◆ **What the task requires**: From the line with "11 wiring diagram" to the line with "Katamari Damacy 1350x1080", retype each line exactly as it stands in the records below, but skip the pictures.

◆ **Input data**:

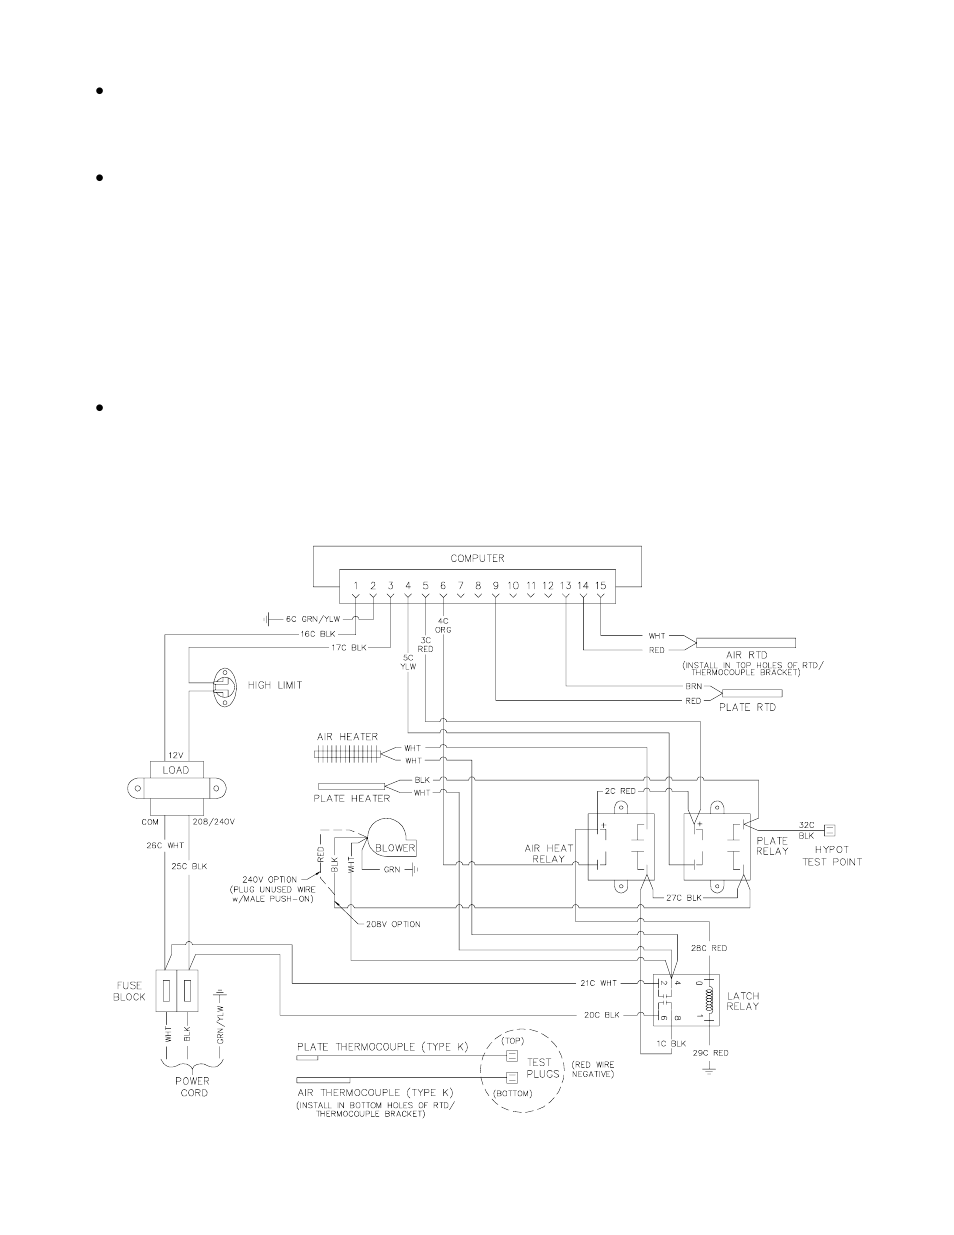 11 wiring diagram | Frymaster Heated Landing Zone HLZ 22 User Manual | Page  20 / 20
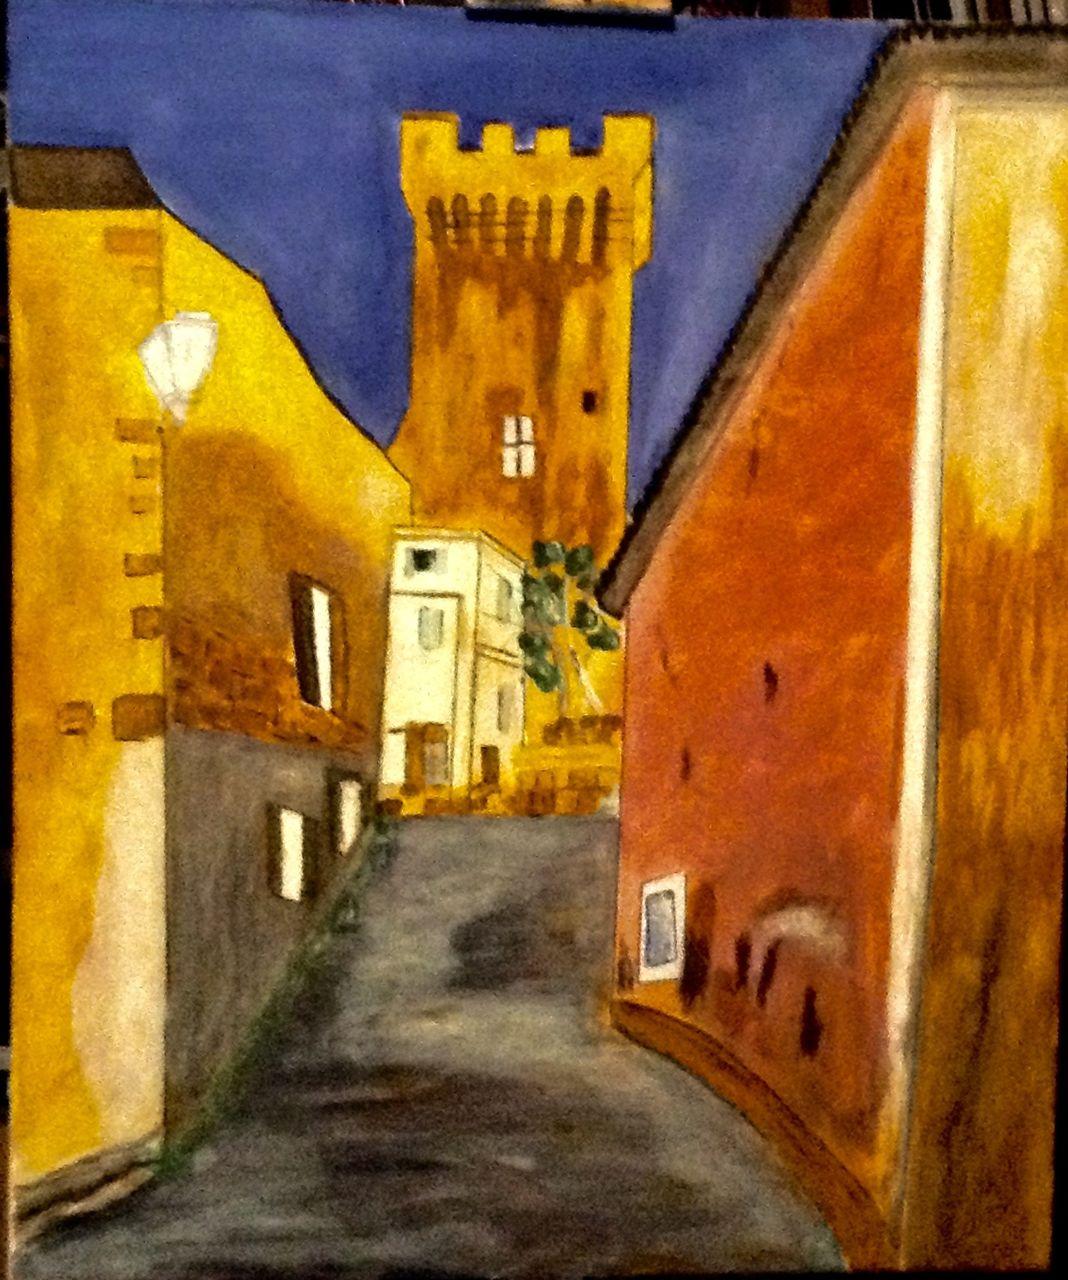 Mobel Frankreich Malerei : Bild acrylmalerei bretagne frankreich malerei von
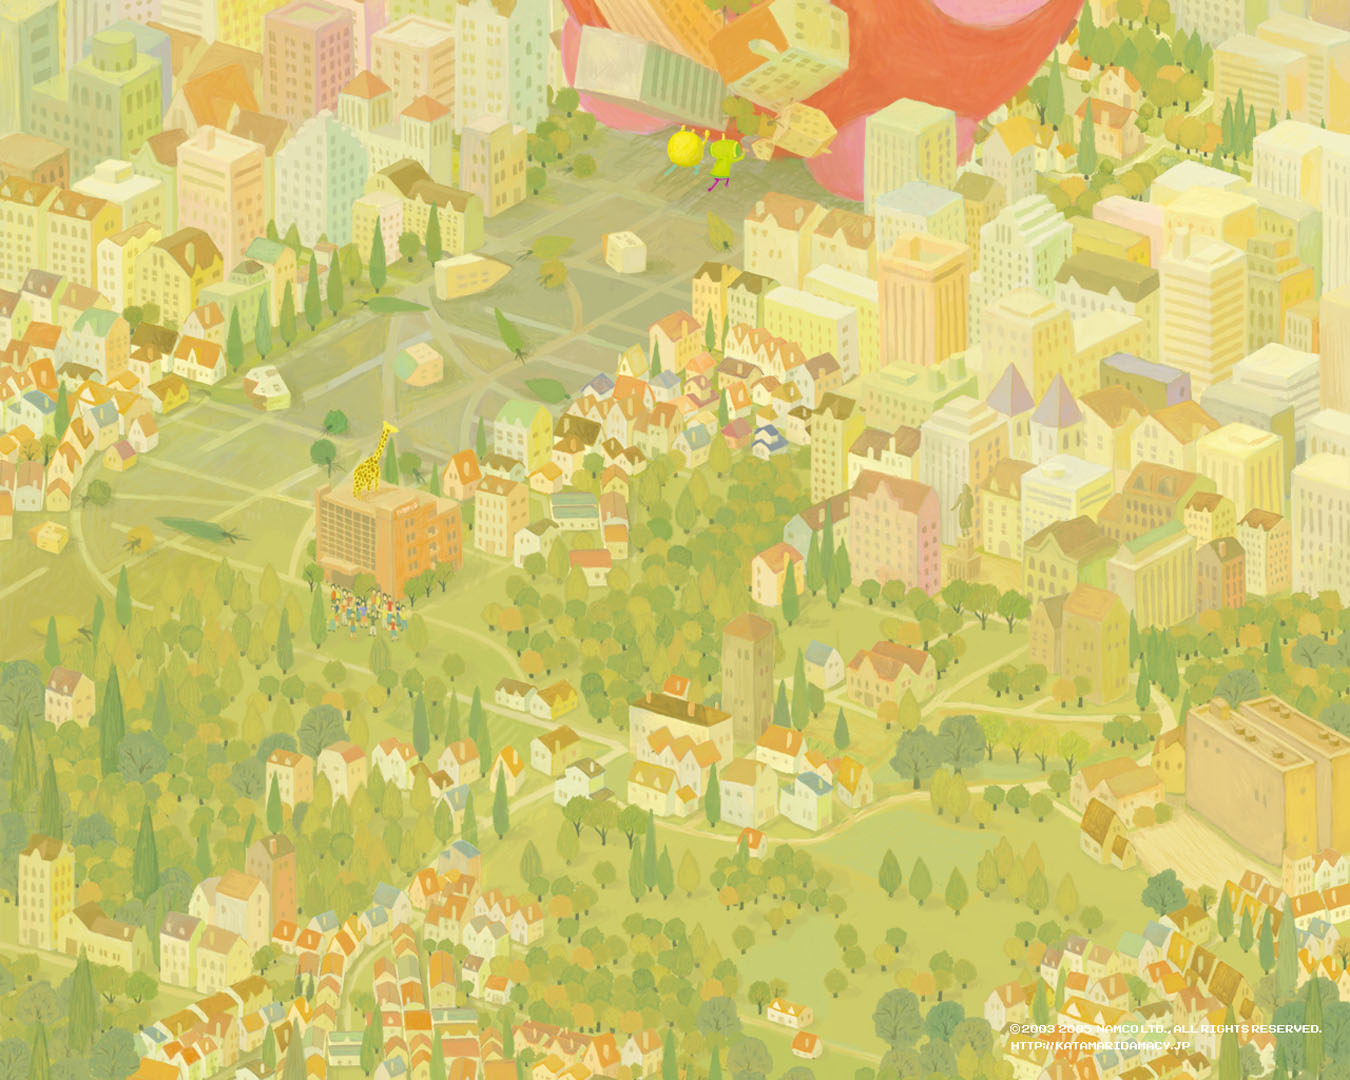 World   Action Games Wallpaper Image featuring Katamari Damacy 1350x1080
...
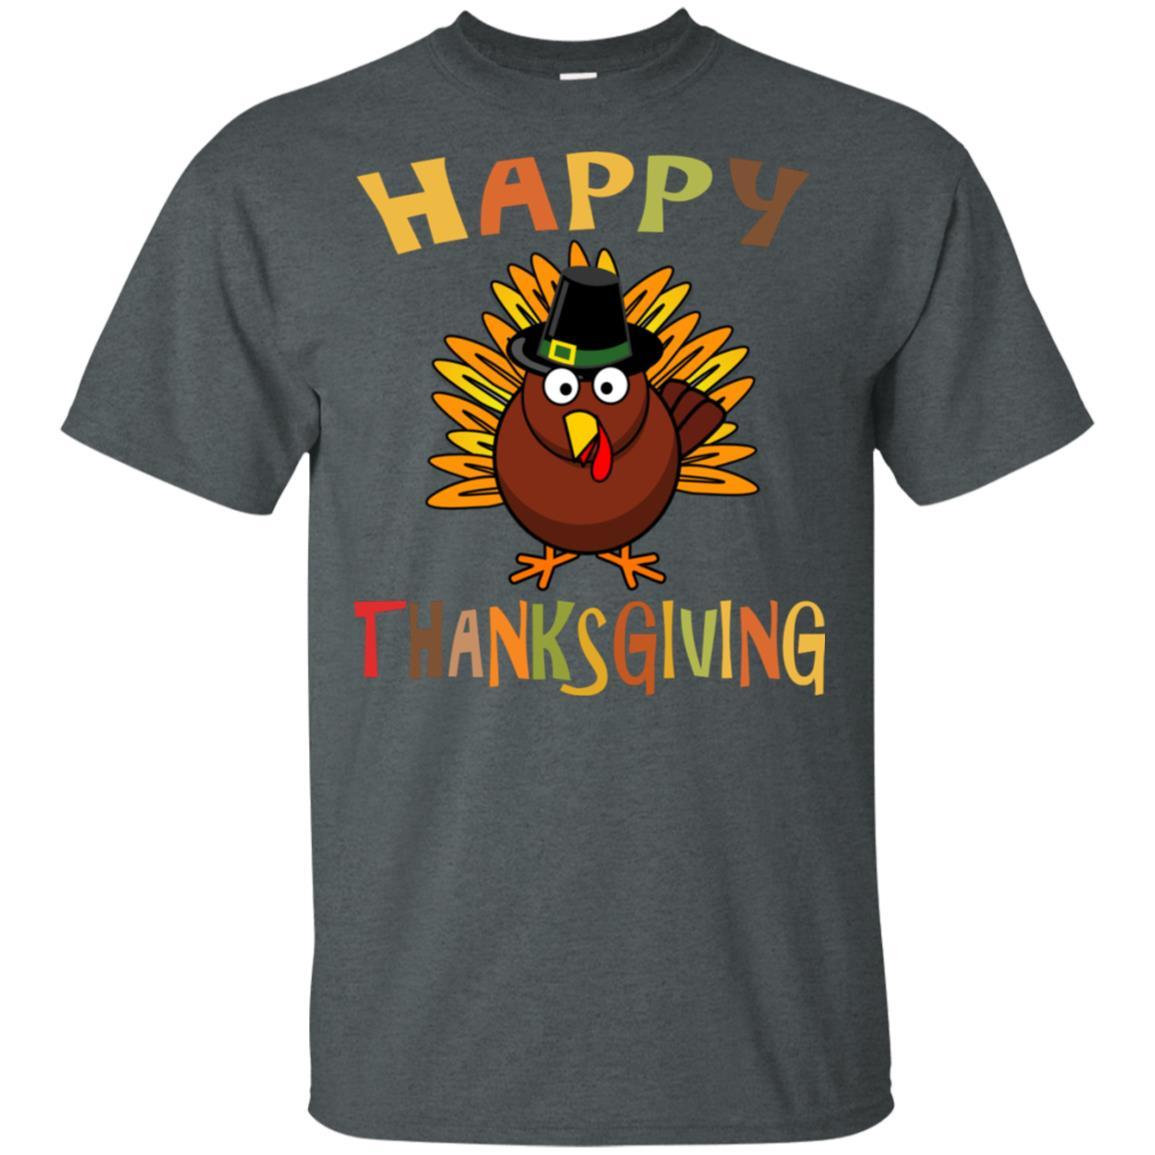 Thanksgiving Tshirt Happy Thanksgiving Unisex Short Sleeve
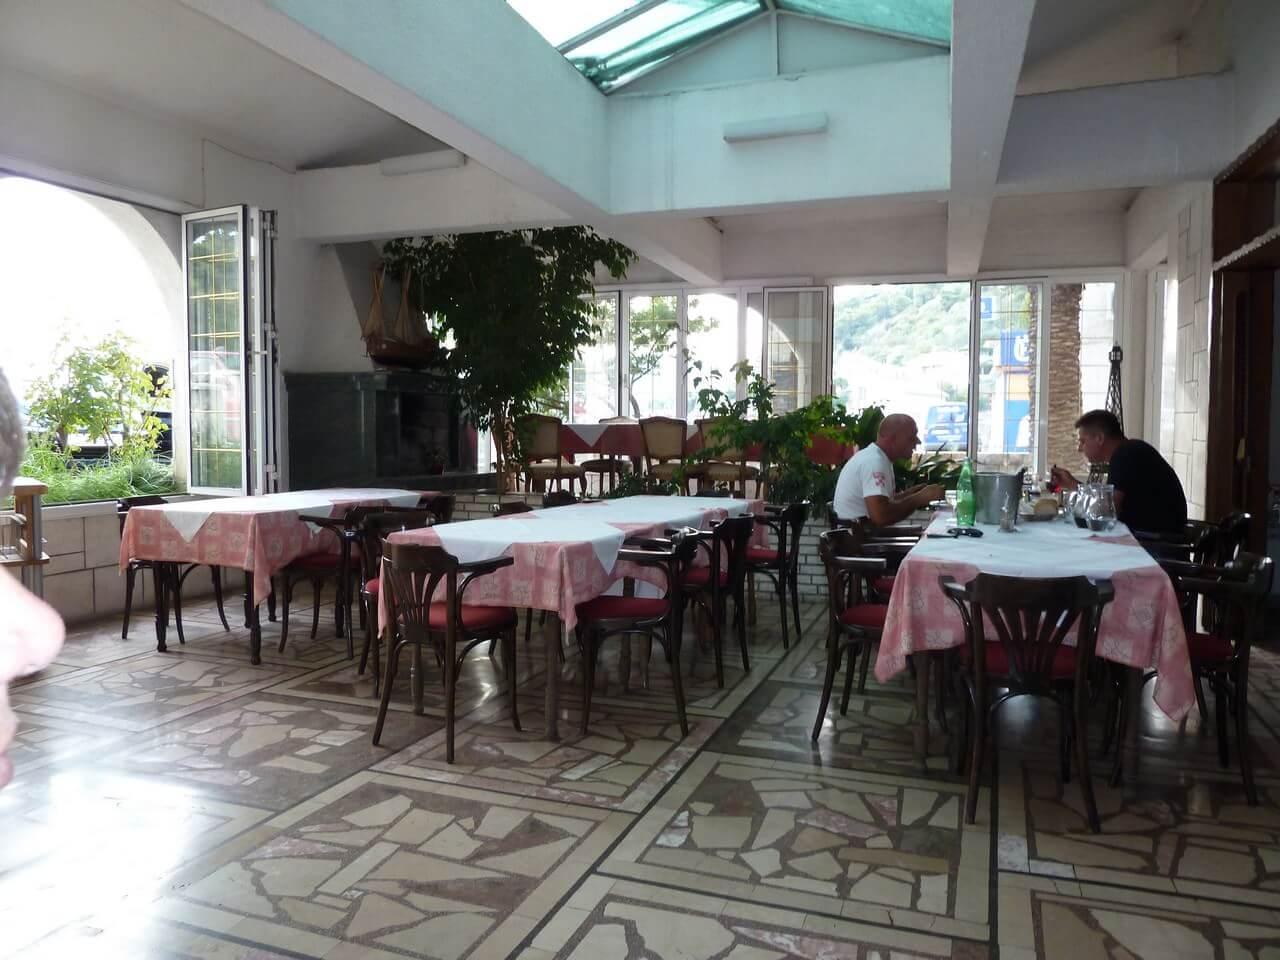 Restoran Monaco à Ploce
--
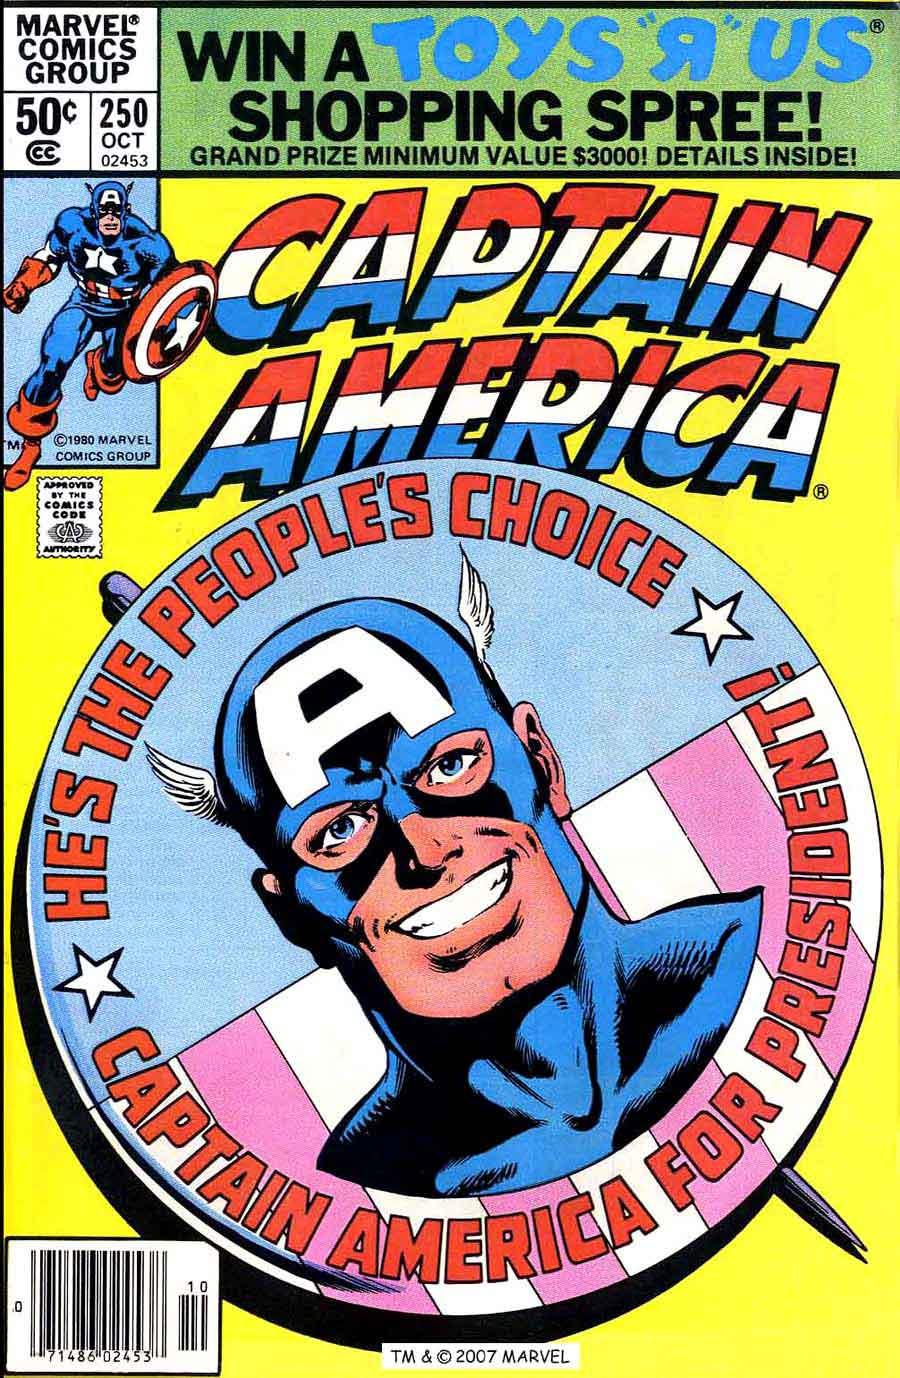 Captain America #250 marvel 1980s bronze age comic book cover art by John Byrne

◆ **Your solution**:
 11 wiring diagram | Frymaster Heated Landing Zone HLZ 22 User Manual | Page  20 / 20
 Mobel Frankreich Malerei : Bild acrylmalerei bretagne frankreich malerei von
 World   Action Games Wallpaper Image featuring Katamari Damacy 1350x1080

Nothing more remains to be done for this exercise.